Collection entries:
────

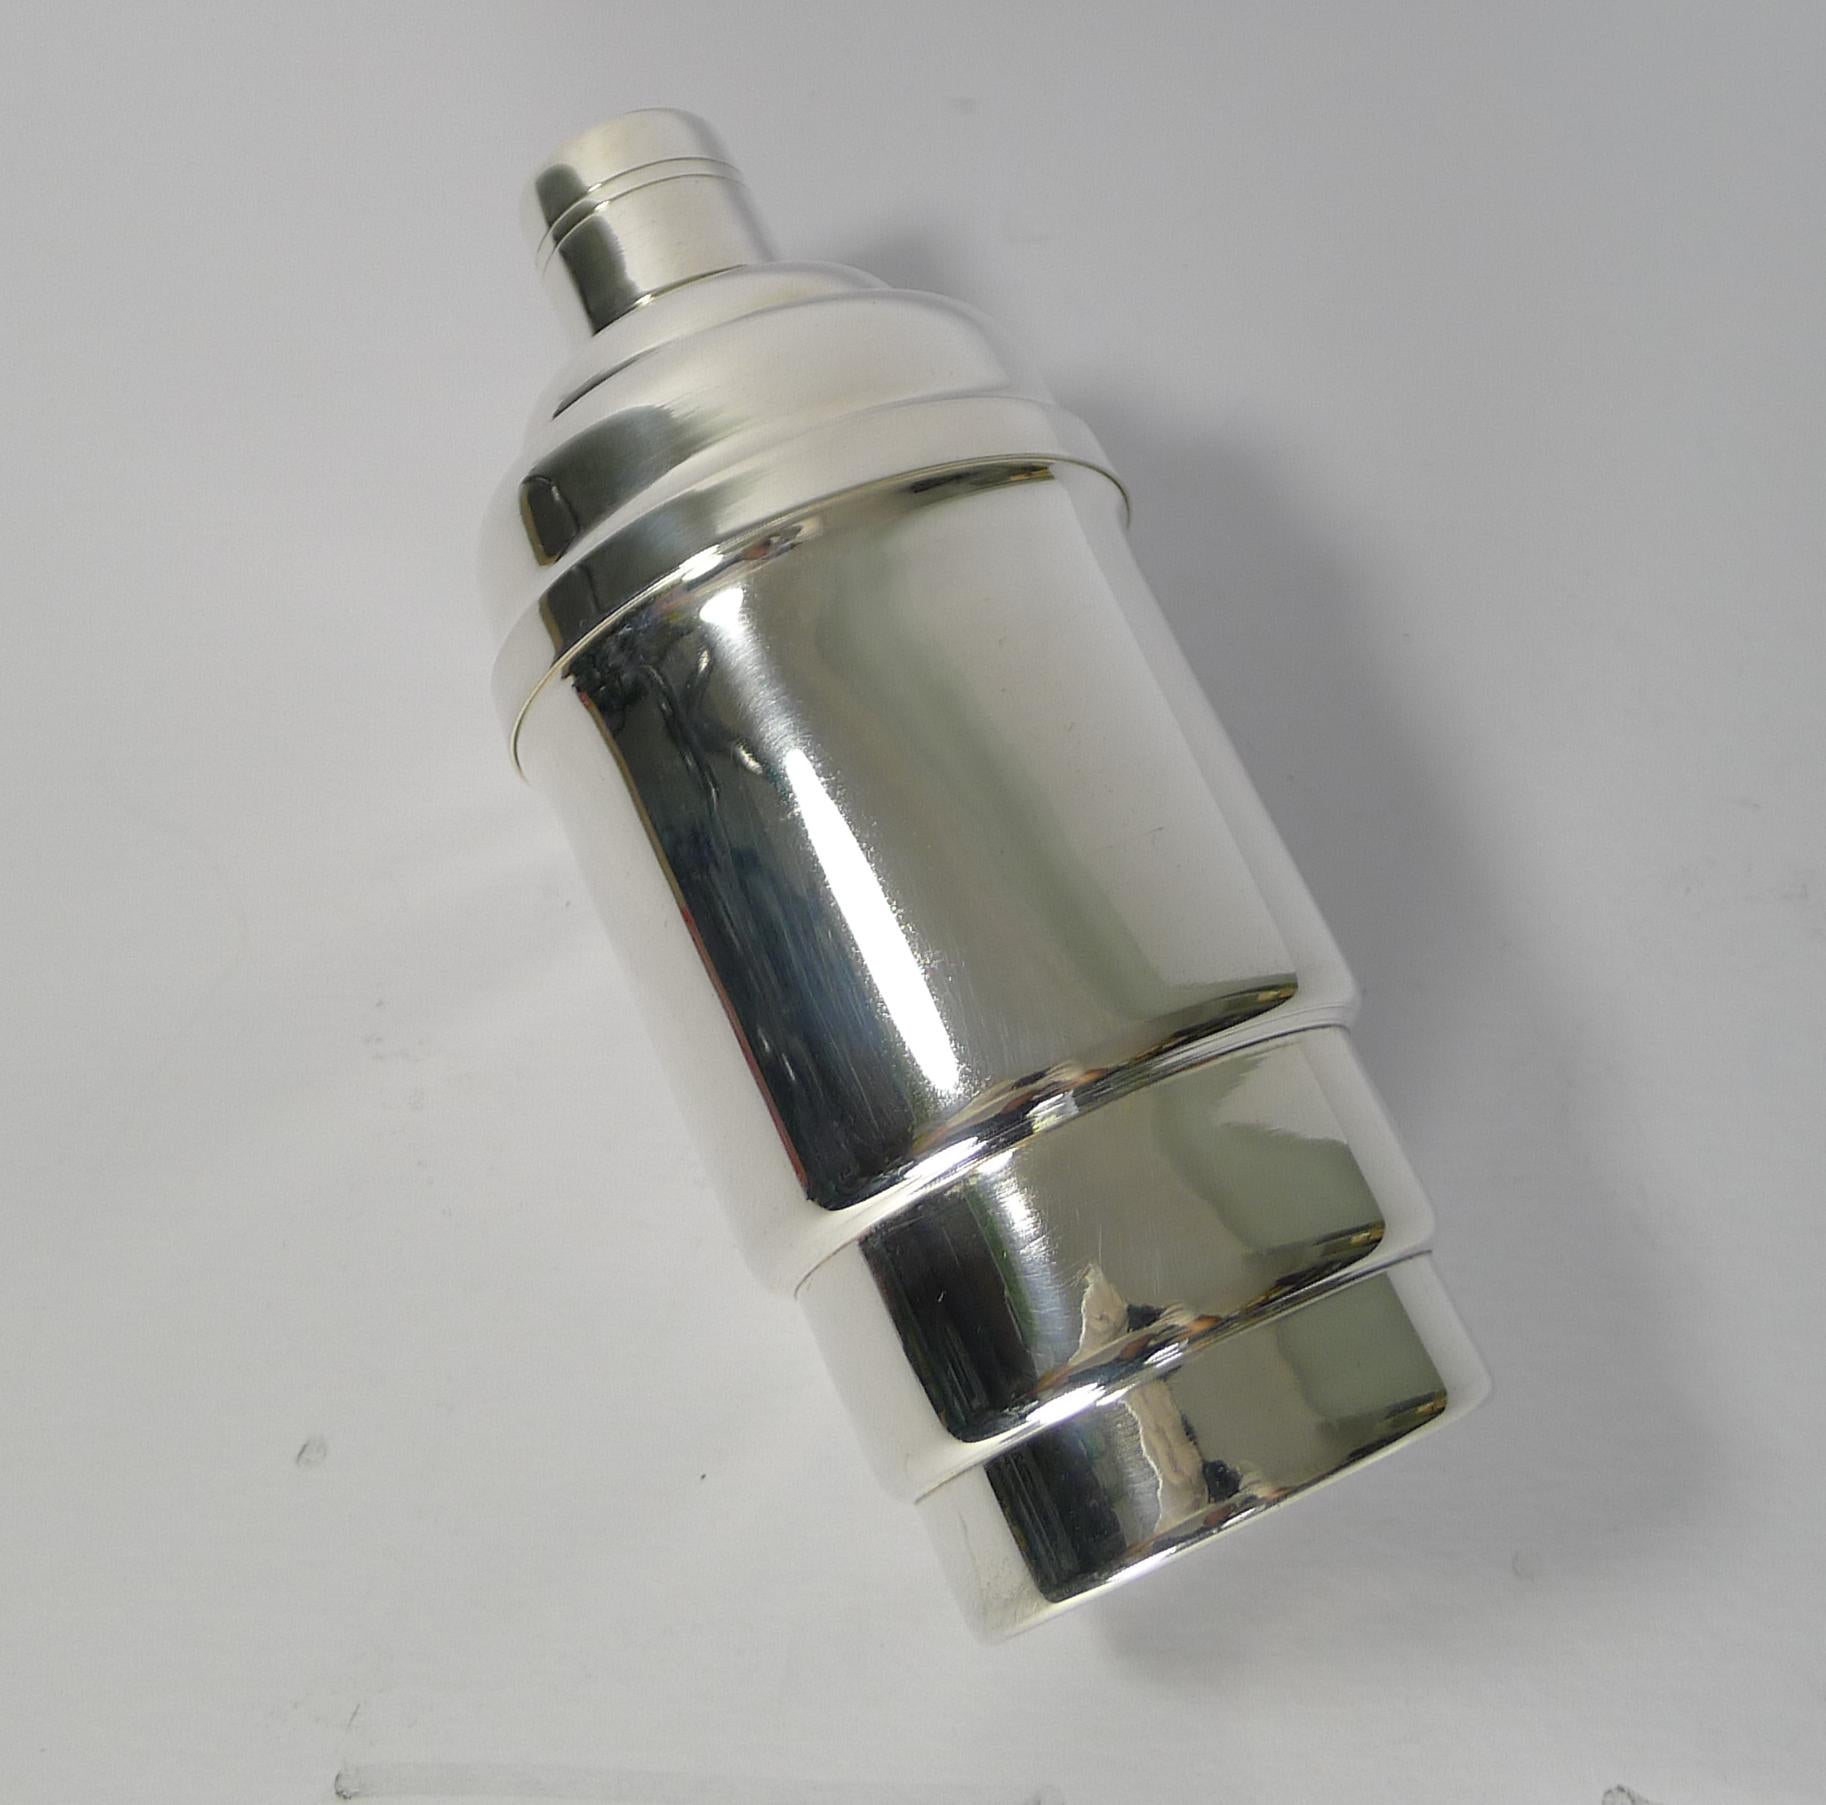 An unusually shaped and very handsome Art Deco cocktail shaker dating to the 1930s.

It's fabulous stepped design will look perfect on the most stylish of bars or bar trolleys.

Having just returned from our silversmith's workshop, it has been
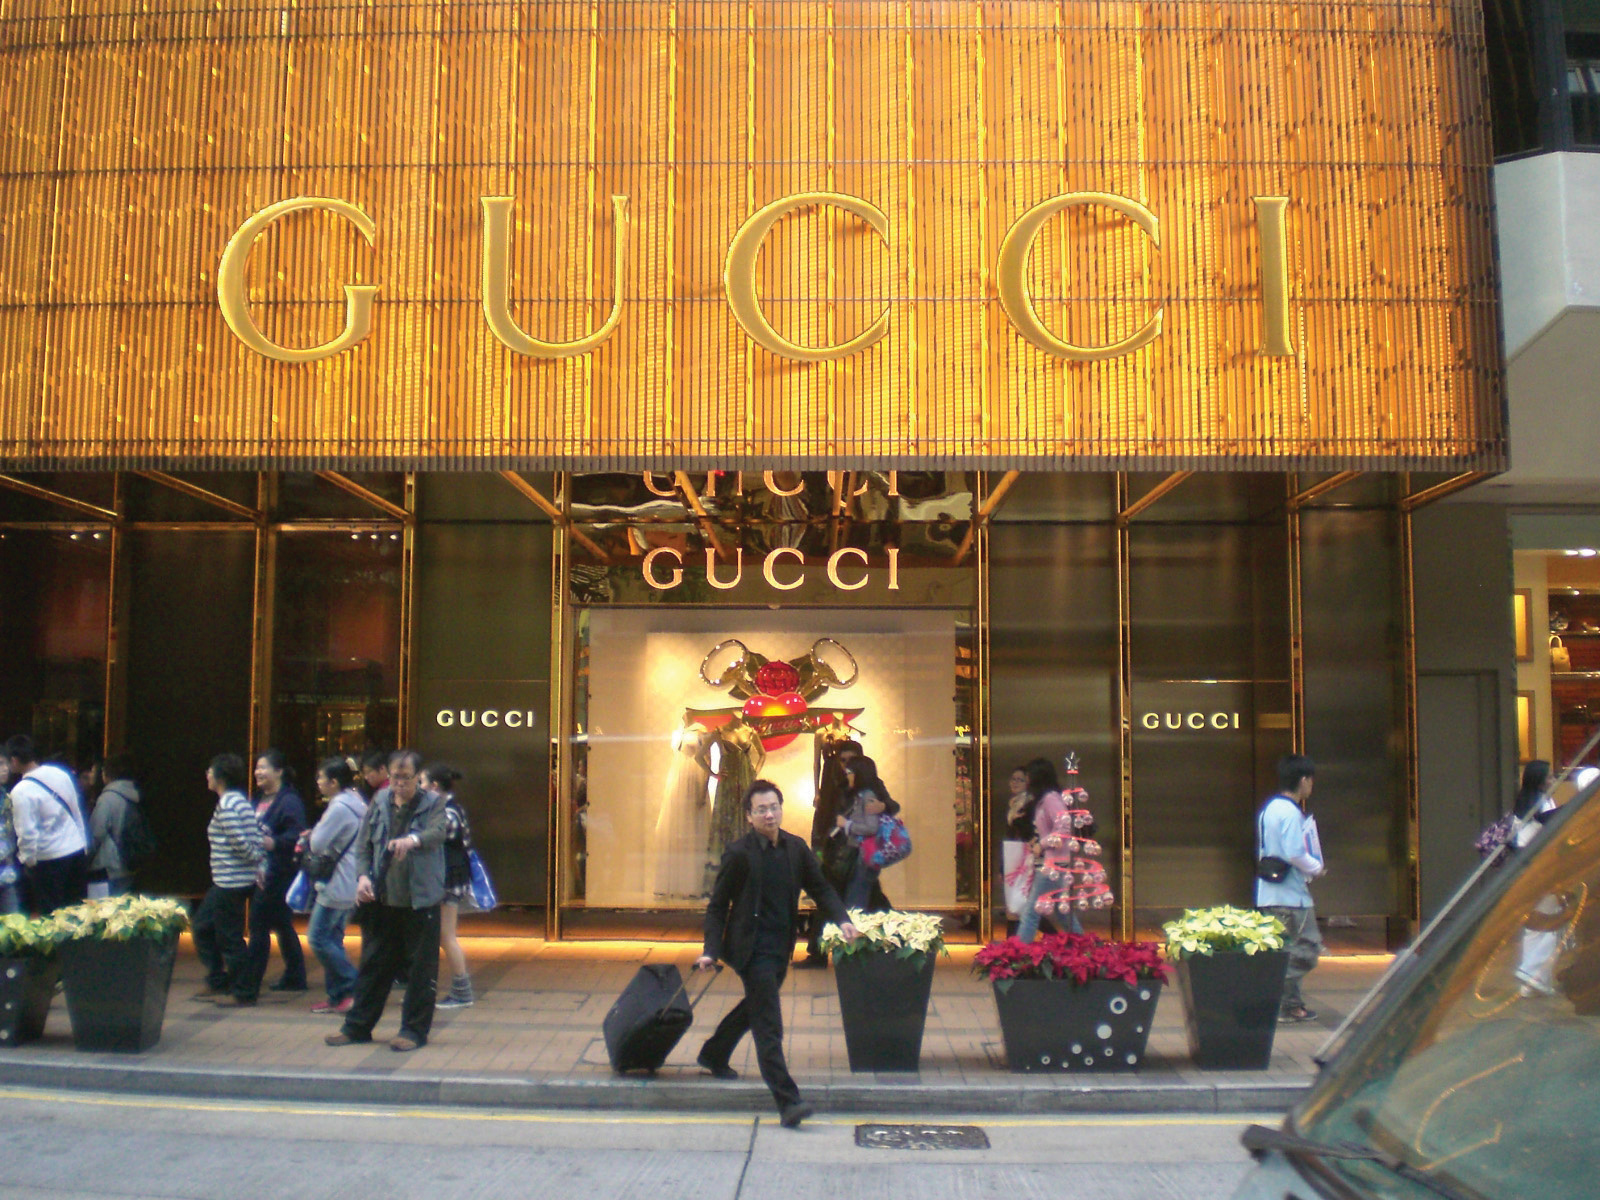 Storefront of a Gucci store
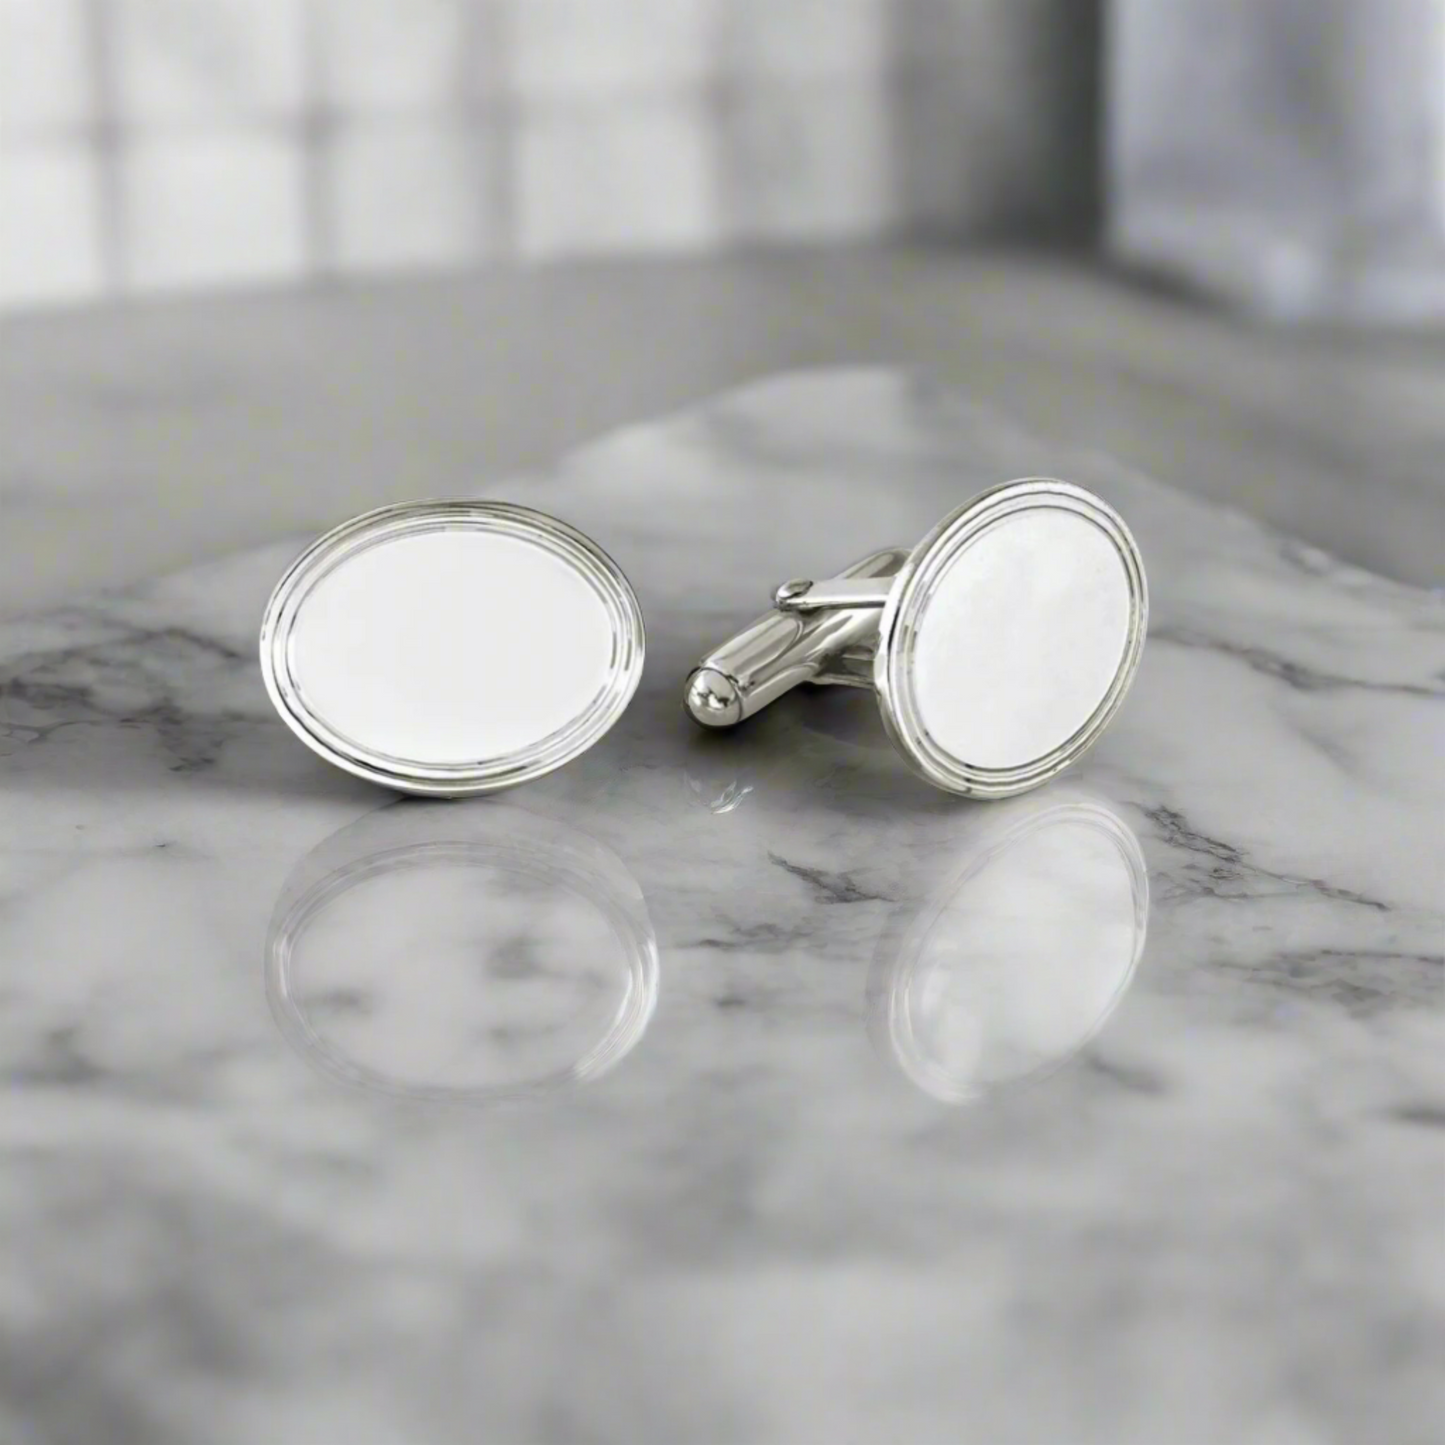 Sterling Silver Oval Cufflinks with Engine Turned Design

────

Your instructions →
The images are to be left out while the entries are written out exactly.

Output of the exercise →
 An unusually shaped and very handsome Art Deco cocktail shaker dating to the 1930s.

It's fabulous stepped design will look perfect on the most stylish of bars or bar trolleys.

Having just returned from our silversmith's workshop, it has been
 Storefront of a Gucci store
 Sterling Silver Oval Cufflinks with Engine Turned Design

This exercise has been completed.